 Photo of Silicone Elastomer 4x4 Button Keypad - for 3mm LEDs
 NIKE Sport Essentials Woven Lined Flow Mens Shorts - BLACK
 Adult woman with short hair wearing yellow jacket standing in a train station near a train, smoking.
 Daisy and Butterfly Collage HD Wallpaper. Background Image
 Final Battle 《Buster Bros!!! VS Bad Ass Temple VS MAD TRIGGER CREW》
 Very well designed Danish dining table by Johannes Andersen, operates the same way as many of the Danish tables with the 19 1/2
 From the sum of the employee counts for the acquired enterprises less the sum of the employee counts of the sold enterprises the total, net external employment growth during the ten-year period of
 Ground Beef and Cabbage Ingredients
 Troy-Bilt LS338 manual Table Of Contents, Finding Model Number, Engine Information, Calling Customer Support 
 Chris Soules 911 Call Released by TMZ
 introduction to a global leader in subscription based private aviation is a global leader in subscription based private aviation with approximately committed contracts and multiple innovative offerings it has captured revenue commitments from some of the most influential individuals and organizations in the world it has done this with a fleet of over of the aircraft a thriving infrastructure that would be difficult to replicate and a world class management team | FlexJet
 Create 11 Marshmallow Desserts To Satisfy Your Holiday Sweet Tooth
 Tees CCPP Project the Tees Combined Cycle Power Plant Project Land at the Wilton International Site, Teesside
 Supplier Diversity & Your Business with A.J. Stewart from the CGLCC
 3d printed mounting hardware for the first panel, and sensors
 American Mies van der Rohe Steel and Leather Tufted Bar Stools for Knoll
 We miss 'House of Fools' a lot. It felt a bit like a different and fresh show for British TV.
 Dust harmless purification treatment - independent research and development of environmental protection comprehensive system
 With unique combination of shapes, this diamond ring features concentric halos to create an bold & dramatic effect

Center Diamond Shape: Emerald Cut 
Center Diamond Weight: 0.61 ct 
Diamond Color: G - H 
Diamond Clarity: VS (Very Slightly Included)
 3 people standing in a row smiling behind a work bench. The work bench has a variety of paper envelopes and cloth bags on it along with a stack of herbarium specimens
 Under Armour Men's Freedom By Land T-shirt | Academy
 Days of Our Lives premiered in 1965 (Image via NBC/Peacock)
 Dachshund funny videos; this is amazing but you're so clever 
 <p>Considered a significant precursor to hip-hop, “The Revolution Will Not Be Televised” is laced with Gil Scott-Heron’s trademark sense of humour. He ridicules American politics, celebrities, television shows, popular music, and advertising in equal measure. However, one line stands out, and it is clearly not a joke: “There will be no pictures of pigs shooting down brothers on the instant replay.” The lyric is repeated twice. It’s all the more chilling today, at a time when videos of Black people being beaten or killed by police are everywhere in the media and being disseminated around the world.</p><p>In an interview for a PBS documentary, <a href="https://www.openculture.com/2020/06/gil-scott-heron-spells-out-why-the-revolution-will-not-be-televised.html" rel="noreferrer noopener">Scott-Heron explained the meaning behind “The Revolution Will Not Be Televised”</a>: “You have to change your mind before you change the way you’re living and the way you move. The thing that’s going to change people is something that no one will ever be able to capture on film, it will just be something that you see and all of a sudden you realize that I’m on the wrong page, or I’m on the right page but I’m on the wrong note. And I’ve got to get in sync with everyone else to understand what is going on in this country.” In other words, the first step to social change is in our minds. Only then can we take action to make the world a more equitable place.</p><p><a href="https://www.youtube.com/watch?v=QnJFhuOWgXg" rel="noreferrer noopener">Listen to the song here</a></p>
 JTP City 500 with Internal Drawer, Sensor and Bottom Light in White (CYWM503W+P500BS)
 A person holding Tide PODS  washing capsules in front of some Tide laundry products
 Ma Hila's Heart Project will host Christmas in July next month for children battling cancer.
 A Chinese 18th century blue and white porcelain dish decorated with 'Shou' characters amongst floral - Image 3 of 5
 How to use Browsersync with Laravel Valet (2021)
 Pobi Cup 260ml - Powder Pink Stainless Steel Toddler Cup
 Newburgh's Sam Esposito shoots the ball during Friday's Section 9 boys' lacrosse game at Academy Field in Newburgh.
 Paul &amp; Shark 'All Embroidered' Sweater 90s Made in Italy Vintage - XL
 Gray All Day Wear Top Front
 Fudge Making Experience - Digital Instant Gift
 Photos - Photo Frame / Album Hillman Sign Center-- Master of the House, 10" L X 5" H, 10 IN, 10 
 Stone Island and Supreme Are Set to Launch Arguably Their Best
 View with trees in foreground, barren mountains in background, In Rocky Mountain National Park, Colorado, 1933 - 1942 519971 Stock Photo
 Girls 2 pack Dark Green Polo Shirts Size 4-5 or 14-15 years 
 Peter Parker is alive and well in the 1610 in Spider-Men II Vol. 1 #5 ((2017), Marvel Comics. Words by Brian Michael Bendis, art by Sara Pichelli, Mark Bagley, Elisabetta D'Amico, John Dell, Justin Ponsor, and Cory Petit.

——

* _YOUR TASK_
Only the lines from the first line of the records through the line containing "Center Diamond Shape: Emerald Cut" should be repeated, exactly as they appear.

* _TASK OUTPUT_
 Photo of Silicone Elastomer 4x4 Button Keypad - for 3mm LEDs
 NIKE Sport Essentials Woven Lined Flow Mens Shorts - BLACK
 Adult woman with short hair wearing yellow jacket standing in a train station near a train, smoking.
 Daisy and Butterfly Collage HD Wallpaper. Background Image
 Final Battle 《Buster Bros!!! VS Bad Ass Temple VS MAD TRIGGER CREW》
 Very well designed Danish dining table by Johannes Andersen, operates the same way as many of the Danish tables with the 19 1/2
 From the sum of the employee counts for the acquired enterprises less the sum of the employee counts of the sold enterprises the total, net external employment growth during the ten-year period of
 Ground Beef and Cabbage Ingredients
 Troy-Bilt LS338 manual Table Of Contents, Finding Model Number, Engine Information, Calling Customer Support 
 Chris Soules 911 Call Released by TMZ
 introduction to a global leader in subscription based private aviation is a global leader in subscription based private aviation with approximately committed contracts and multiple innovative offerings it has captured revenue commitments from some of the most influential individuals and organizations in the world it has done this with a fleet of over of the aircraft a thriving infrastructure that would be difficult to replicate and a world class management team | FlexJet
 Create 11 Marshmallow Desserts To Satisfy Your Holiday Sweet Tooth
 Tees CCPP Project the Tees Combined Cycle Power Plant Project Land at the Wilton International Site, Teesside
 Supplier Diversity & Your Business with A.J. Stewart from the CGLCC
 3d printed mounting hardware for the first panel, and sensors
 American Mies van der Rohe Steel and Leather Tufted Bar Stools for Knoll
 We miss 'House of Fools' a lot. It felt a bit like a different and fresh show for British TV.
 Dust harmless purification treatment - independent research and development of environmental protection comprehensive system
 With unique combination of shapes, this diamond ring features concentric halos to create an bold & dramatic effect

Center Diamond Shape: Emerald Cut 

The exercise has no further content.